2. The system of claim 1 wherein the at least one sensor is housed
in a sensor carrier assembly, said sensor carrier assembly
including; i. a housing adapted to attach to the outer periphery of
the second tubular member, said housing having a cavity adapted to
contain an electronics module; ii. a compliant acoustic isolator
attached to an outer periphery of the housing; and iii. a sensor
housing disposed around said compliant acoustic isolator, said
sensor housing adapted to house the at least one sensor.
3. The system of claim 1 wherein the at least one sensor is a
seismic sensor.
4. The system of claim 2 wherein the compliant acoustic isolator is
made of an elastomeric material.
5. The sensor assembly of claim 3 wherein the seismic sensor is one
of (i) a three axis geophone and (ii) a three axis
accelerometer.
6. The system of claim 1 wherein the at least one sensor is
permanently disposed in the wellbore.
7. The system of claim 1, further comprising a plurality of liner
centralizers disposed on an outer surface of said first tubular
member for spacing said first tubular member away from said
wellbore.
8. A method for acquiring seismic data in a deviated wellbore,
comprising; a. acoustically coupling a wellbore first tubular
member to an earth formation surrounding said wellbore; b.
disposing a plurality of seismic sensors on an outer surface along
a length of a second tubular member; c. positioning said second
tubular member within said wellbore first tubular member tube; and,
d. acoustically coupling said plurality of seismic sensors to said
first tubular member.
9. A method of seismically coupling an array of seismic sensors to
a formation surrounding a deviated wellbore comprising; a. coupling
a plurality of seismic wave transmitting centralizers to an
exterior surface of a first tubular member at first predetermined
locations along the first tubular member tube; b. locating a
plurality of vibrationally isolated seismic sensors on an exterior
surface along the length of a second tubular member at second
predetermined locations along said second tubular member; c.
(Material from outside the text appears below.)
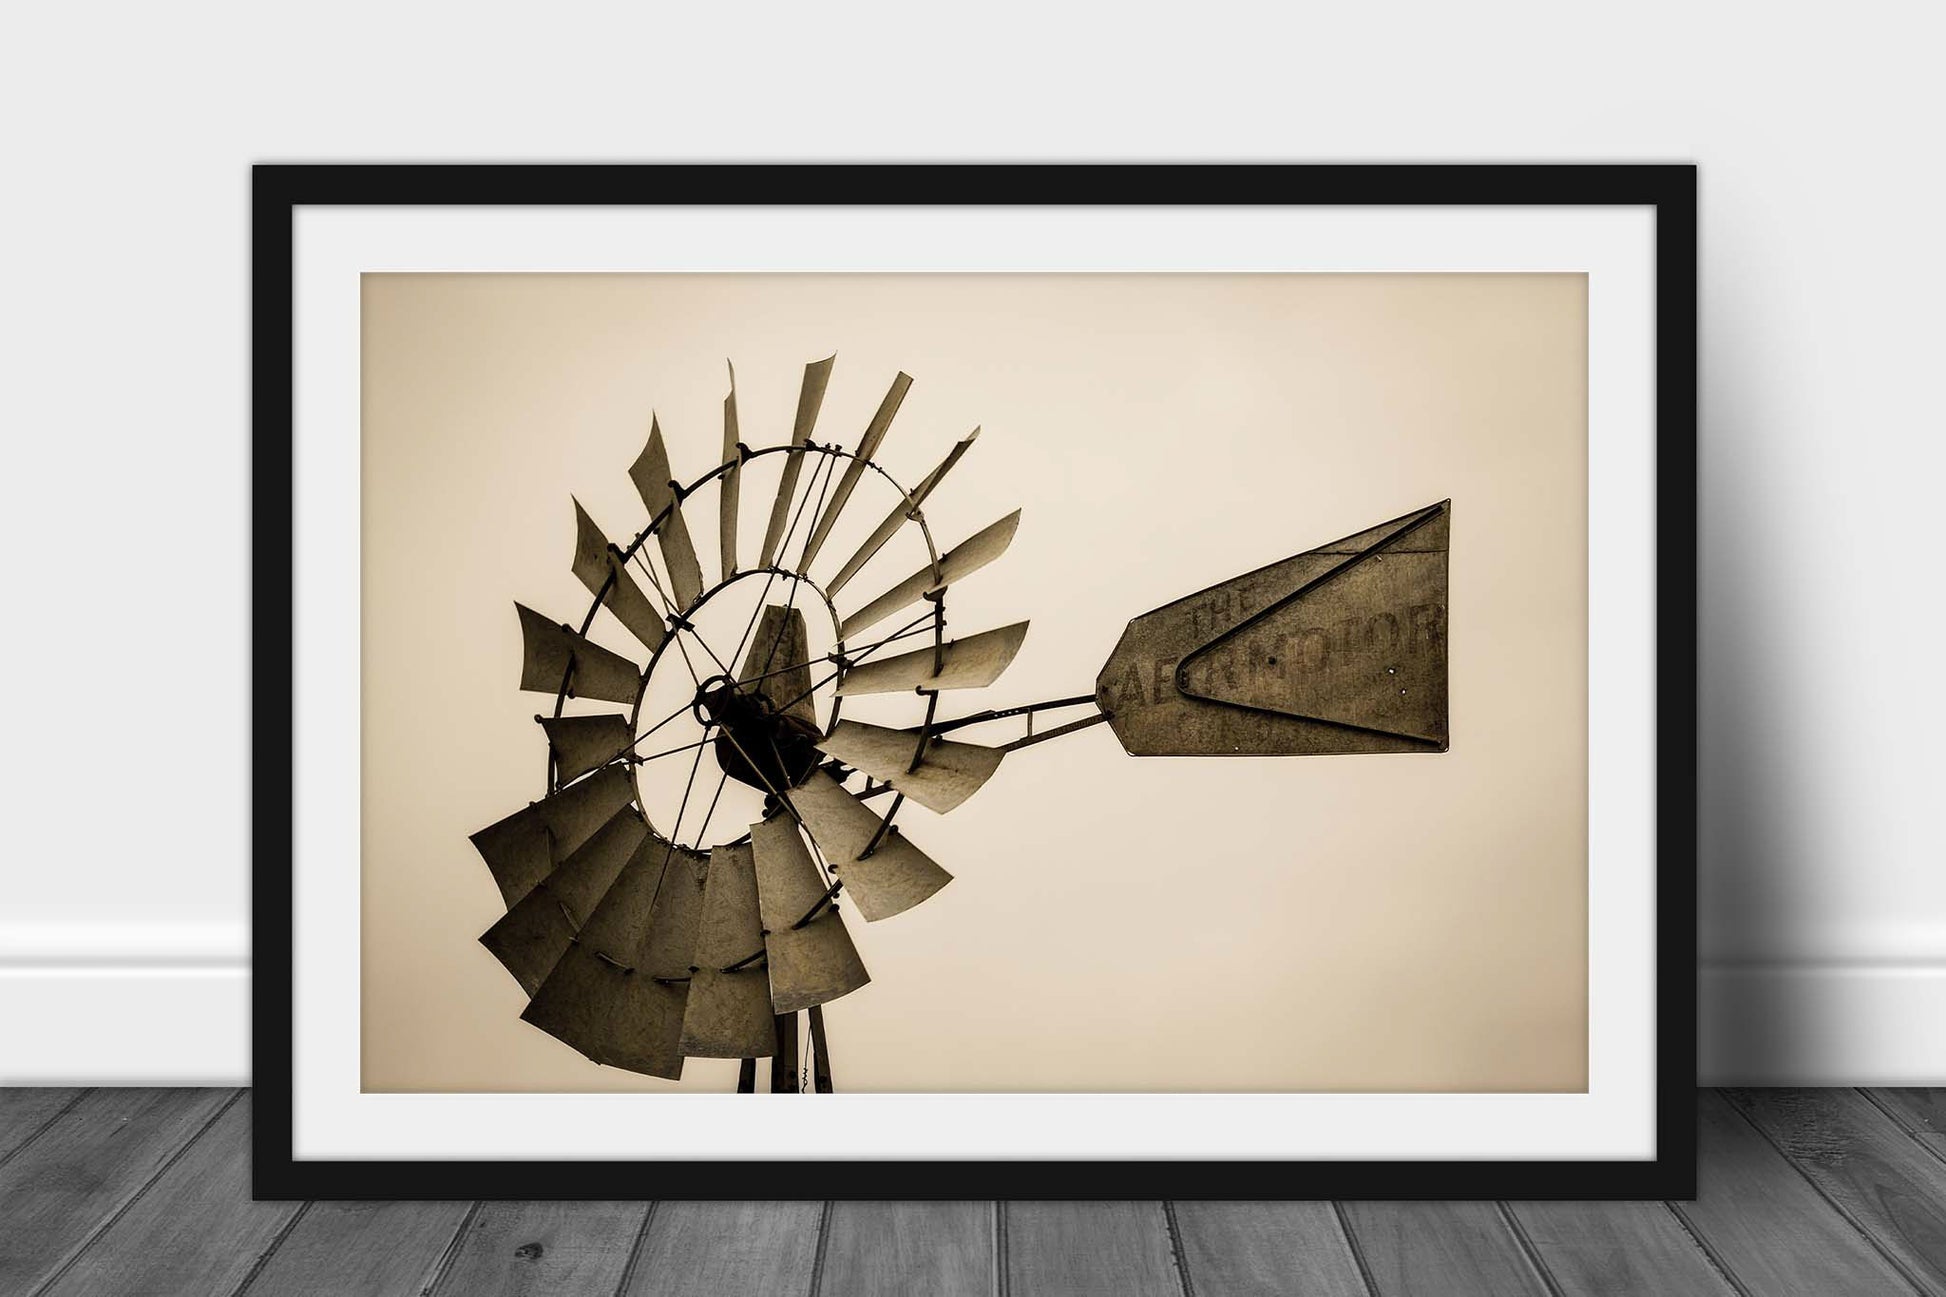 Framed and matted country print in sepia tone of a windmill head and tail on a farm in Iowa by Sean Ramsey of Southern Plains Photography.

placing said first tubular member within the deviated wellbore; and
d. placing said second tubular member within said first tubular
member such that the seismic sensors are acoustically coupled to
the first tubular member.
10. The method of claim 9 wherein said second predetermined seismic
sensor locations align with said first predetermined centralizer
locations when said second tubular member is placed in said first
tubular member.
11. The method of claim 9 wherein said centralizers are spaced
apart such that said first tubular member contacts and is
acoustically coupled to said formation.
12. The method of claim 11 wherein the seismic sensors are spaced
such that they align with said first tubular member where said
first tubular member contacts said formation.
13. A method for acquiring seismic data in an open-hole section of
a deviated wellbore surrounded by a formation, comprising; a.
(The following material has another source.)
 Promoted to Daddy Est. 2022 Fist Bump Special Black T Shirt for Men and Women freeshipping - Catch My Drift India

disposing a plurality of seismic sensors on an outer surface along
a length of a tubular member; b. positioning said tubular member
within said open-hole section of said deviated wellbore; and, c.
acoustically coupling said plurality of seismic sensors to said
formation.
14. The method of claim 13 wherein each of the plurality of seismic
sensors is coupled to the tubular member through an acoustic
isolator.
15. The method of claim 14 wherein the acoustic isolator is a
compliant sleeve.
16. The method of claim 13, wherein the seismic sensor is one of
(i) a three axis geophone and (ii) a three axis accelerometer.
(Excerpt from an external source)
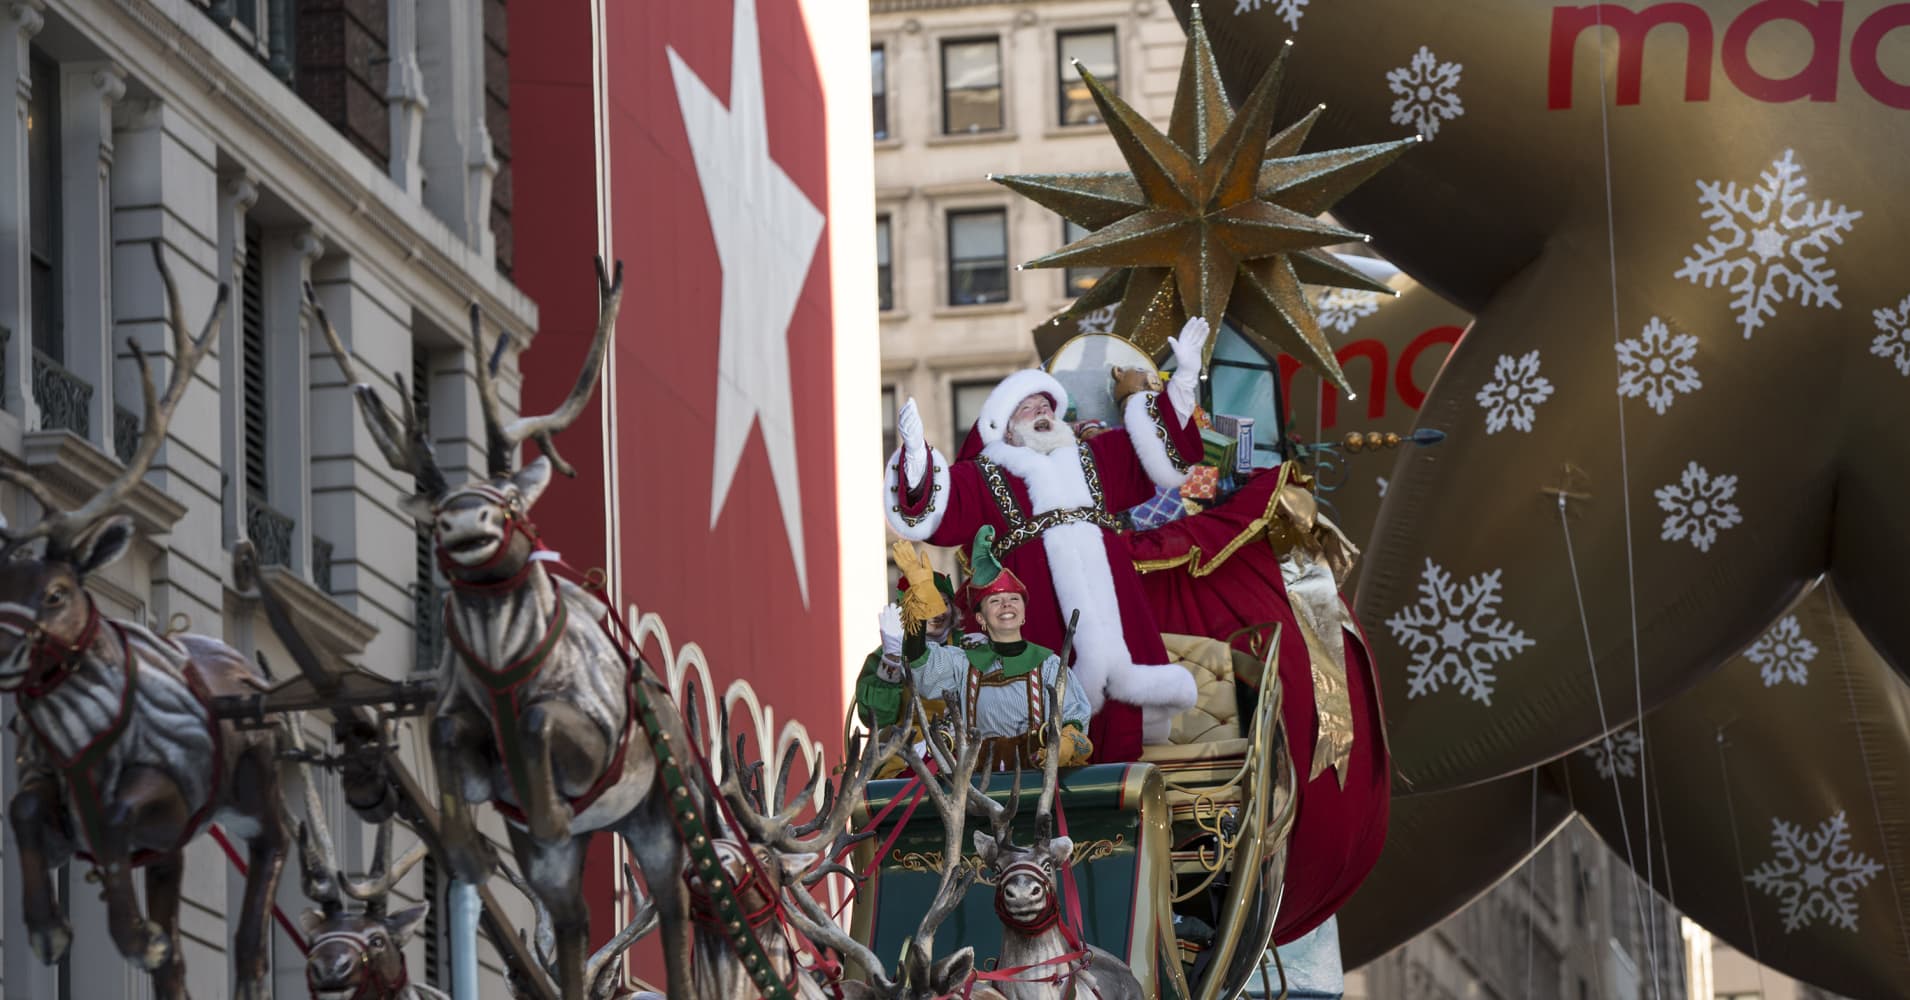 The holiday season gives Macy's the chance to prove its turnaround plan is working

17. The method of claim 13 wherein each of the plurality of seismic
sensors is housed in a substantially cylindrical housing providing
uniform acoustic coupling to the formation at substantially any
angular orientation of the tubular member.
Description
CROSS-REFERENCE TO RELATED APPLICATIONS
[0001] This application claims the benefit of U.S. Provisional
Application No. 60/375,463, filed Apr. 25, 2002.
STATEMENT REGARDING FEDERALLY SPONSORED RESEARCH OR DEVELOPMENT
[0002] Not applicable
BACKGROUND OF THE INVENTION
[0003] 1. Field of the Invention
[0004] This invention relates to downhole seismic services and more
particularly to a system and method for deployment, mounting, and
coupling of seismic sensors downhole.
[0005] 2. Description of the Related Art
[0006] Seismic sources and sensors are often deployed in wellbores
for a variety of oilfield operations, including monitoring of
injection well operations, fracturing operations, performing
"seismic-profiling" surveys to obtain enhanced subsurface seismic
maps and monitoring downhole vibrations. Such operations include
slim-to large-diameter boreholes, vertical to horizontal wells,
open and cased holes, and high pressure and high temperature wells.
Downhole sensors are sometimes utilized in combination with other
logging services, either wireline, coiled tubing-conveyed, or with
pipe to provide additional reservoir information.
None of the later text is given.